After General Motors Co rebuffed Fiat’s merger approach three years ago, declining US vehicle sales and President Donald Trump’s “America First” policies could revive chances of a deal with a US counterpart. Ford Motor Co is now seen as the better fit. Both companies have family owners and can exploit synergies in high-volume platforms like pickup trucks.
“Ford is clearly the deal that makes the most sense,” said Adam Wyden, founder of ADW Capital and a Fiat Chrysler investor. “Ford is struggling and needs to revamp its strategy,” while Fiat is “in a position of strength.”
Ford declined to comment.
Fiat shares have more than doubled since GM’s rejection.
A deal between Fiat and Volkswagen has long been speculated and would give the German auto giant instant credibility in the US, where it has struggled for years, and deliver a new profit source in the Ram truck business. But a deal could come too soon with Volkswagen still working through its diesel scandal and a management overhaul in the works.
Another European alternative would be a combination with PSA Group, Europe’s second-largest carmaker after buying GM’s Opel business last year.

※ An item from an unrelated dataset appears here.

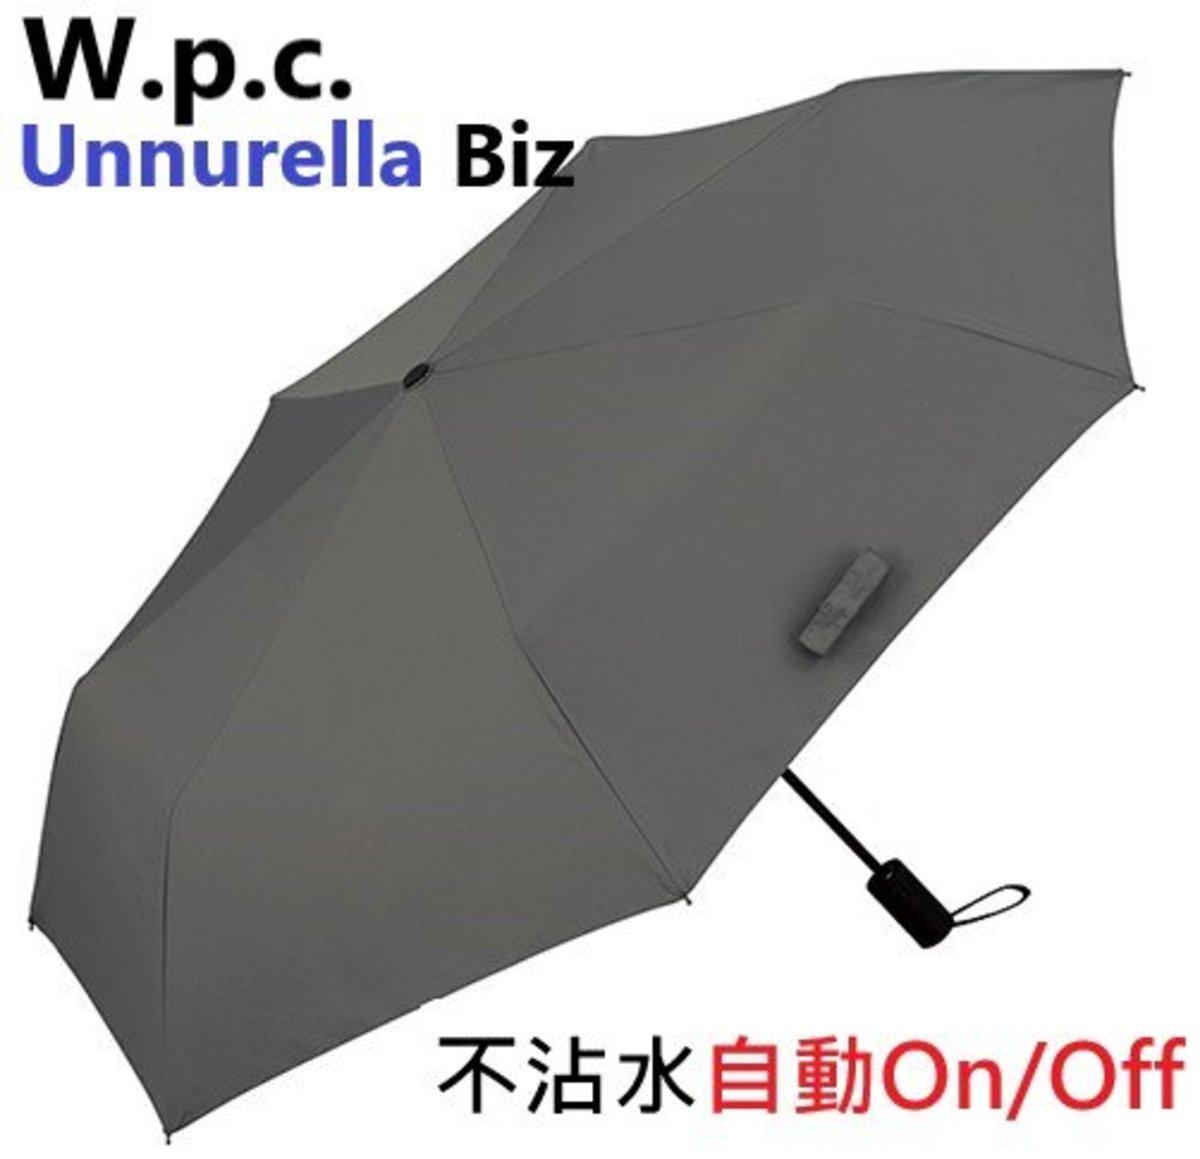 (UN-104) 灰色 - Unnurella Biz日本瞬間速乾滴水不沾摺雨傘【自動開關款】
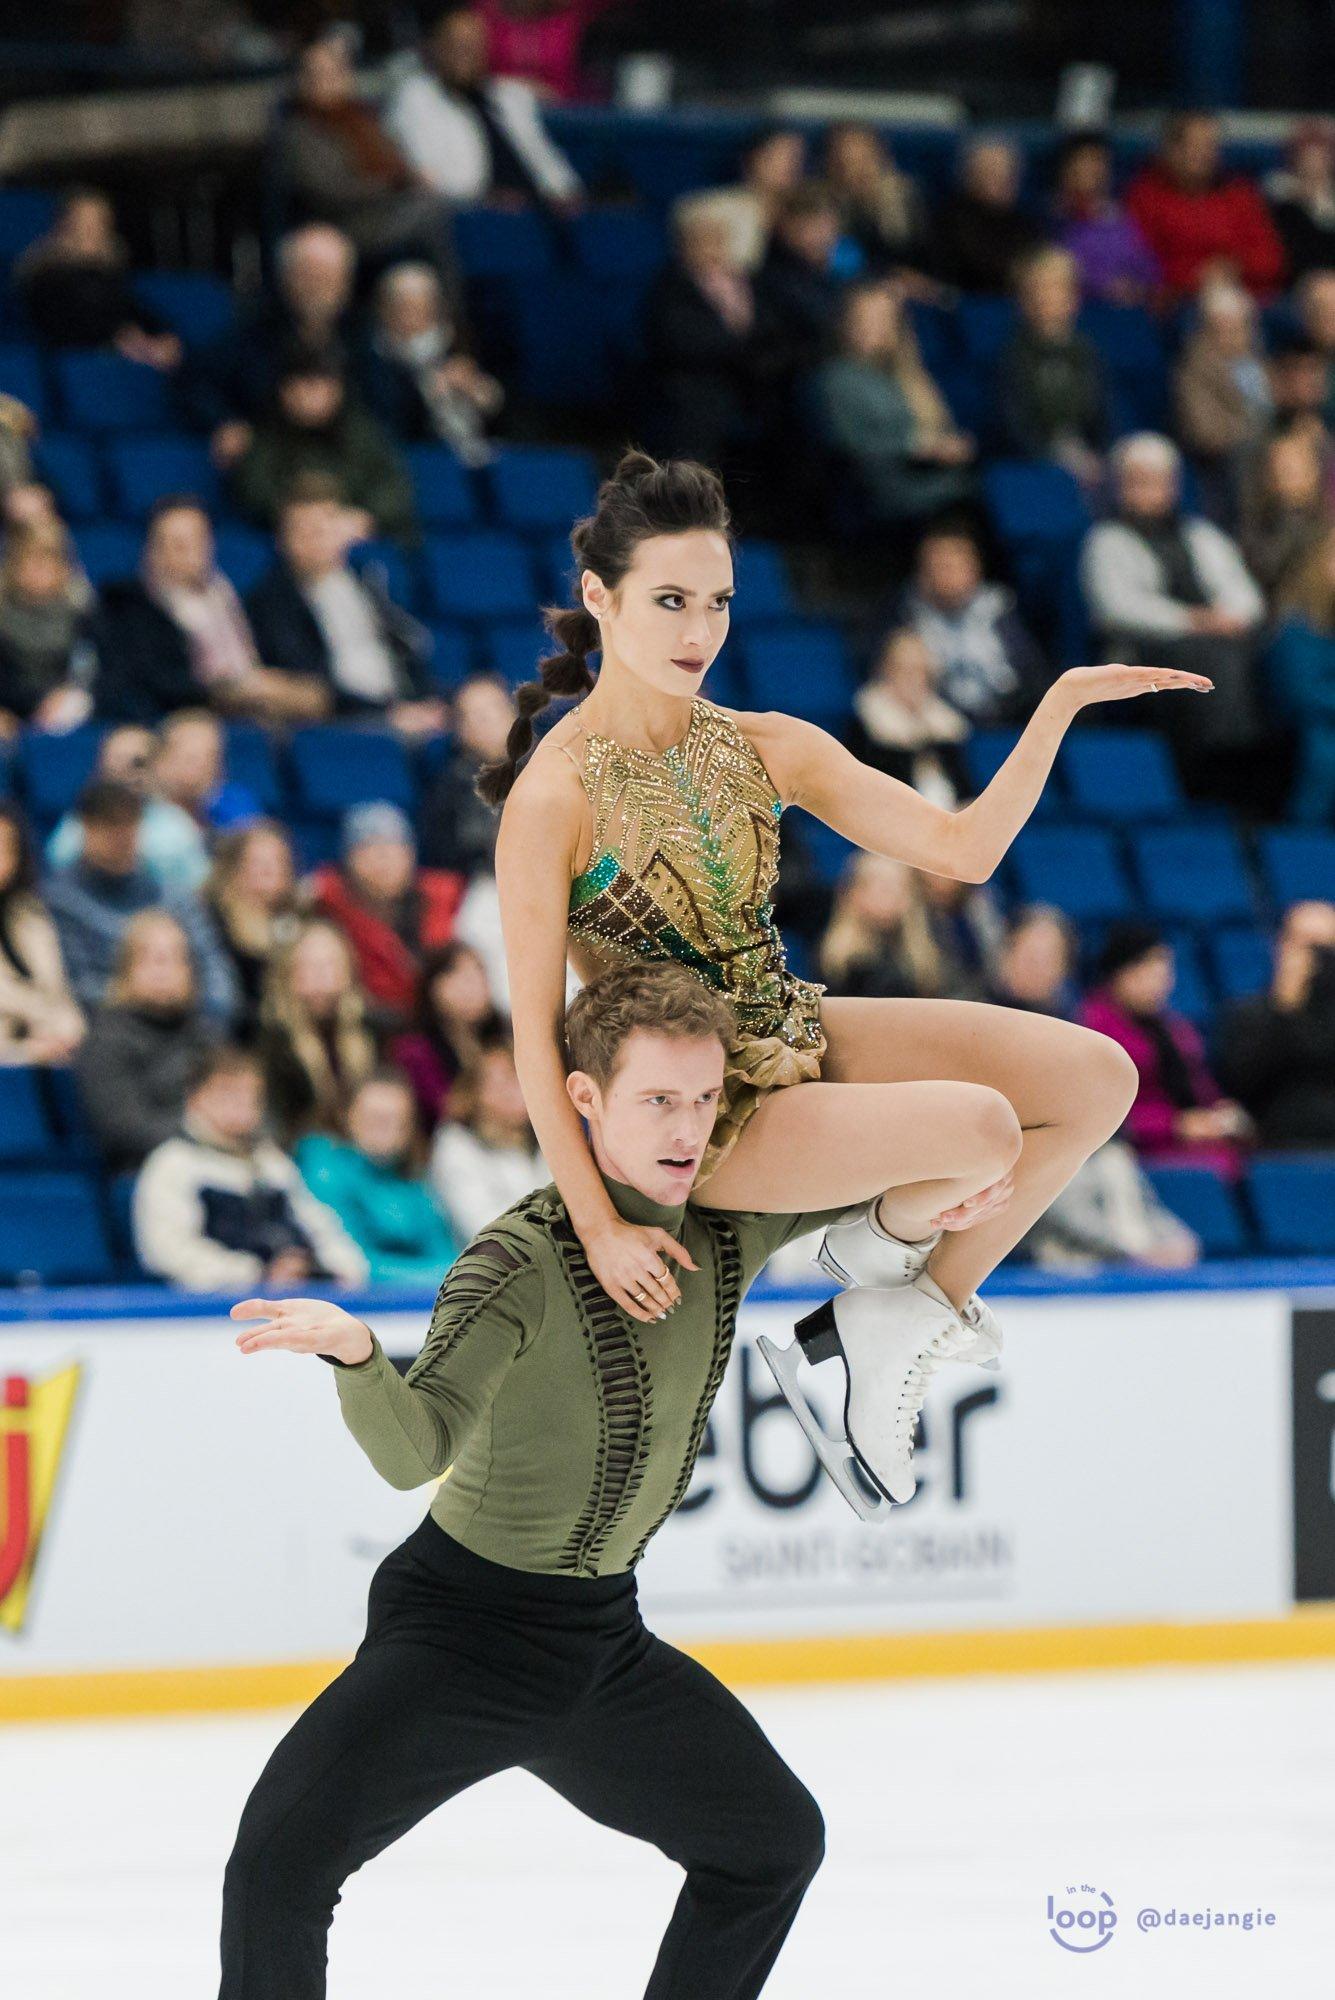 Challenger (6) - Finlandia Trophy. Oct 11 - 13, 2019. Espoo /FIN      - Страница 13 EG3MAiBXkAA7gfq?format=jpg&name=large

While a stronger presence in Europe — where Fiat is No 4 — wouldn’t solve the Italian-American manufacturer’s issues in Asia, it would help balance out the US business.
“The trade war we are seeing shows that there is a growing trend for regional champions,” said Vincenzo Longo, a strategist at IG Market. “In this context, I see a European deal more likely.”
Volkswagen declined to comment. A PSA spokesman referred to CEO Carlos Tavares’s comments last week that further consolidation in Europe wasn’t possible because of antitrust rules.
As Chinese automakers extend their influence, Fiat Chrysler stands to be an attractive opportunity to acquire a coveted stable of brands, especially Jeep. Zhejiang Geely Holding Group Co, which owns Volvo Cars, held informal talks about the potential takeover of the company before the Chinese manufacturer’s billionaire founder turned his attention to Mercedes-Benz parent Daimler AG, people familiar with the matter said in February.
Marchionne said at the Geneva car show in March that he sees the interest from Chinese carmakers as “obvious” and that he would not oppose a Chinese investor even if it could be politically unpopular in Italy and the US.
A Geely spokesman declined to comment.
Other Asian automakers offer remote partner potential, and then there’s the outside chance that Marchionne, who said in January he’s “tired” of the grind of being a multinational CEO, comes back at the request of the Agnelli family to steer the company after a deal.
“We see the possibility that, after leaving though the front door, Marchionne could come back through the window as the ‘maestro’ of a bigger group,” said Emanuele Vizzini, who manages $4bn including FCA shares at Investori Sgr.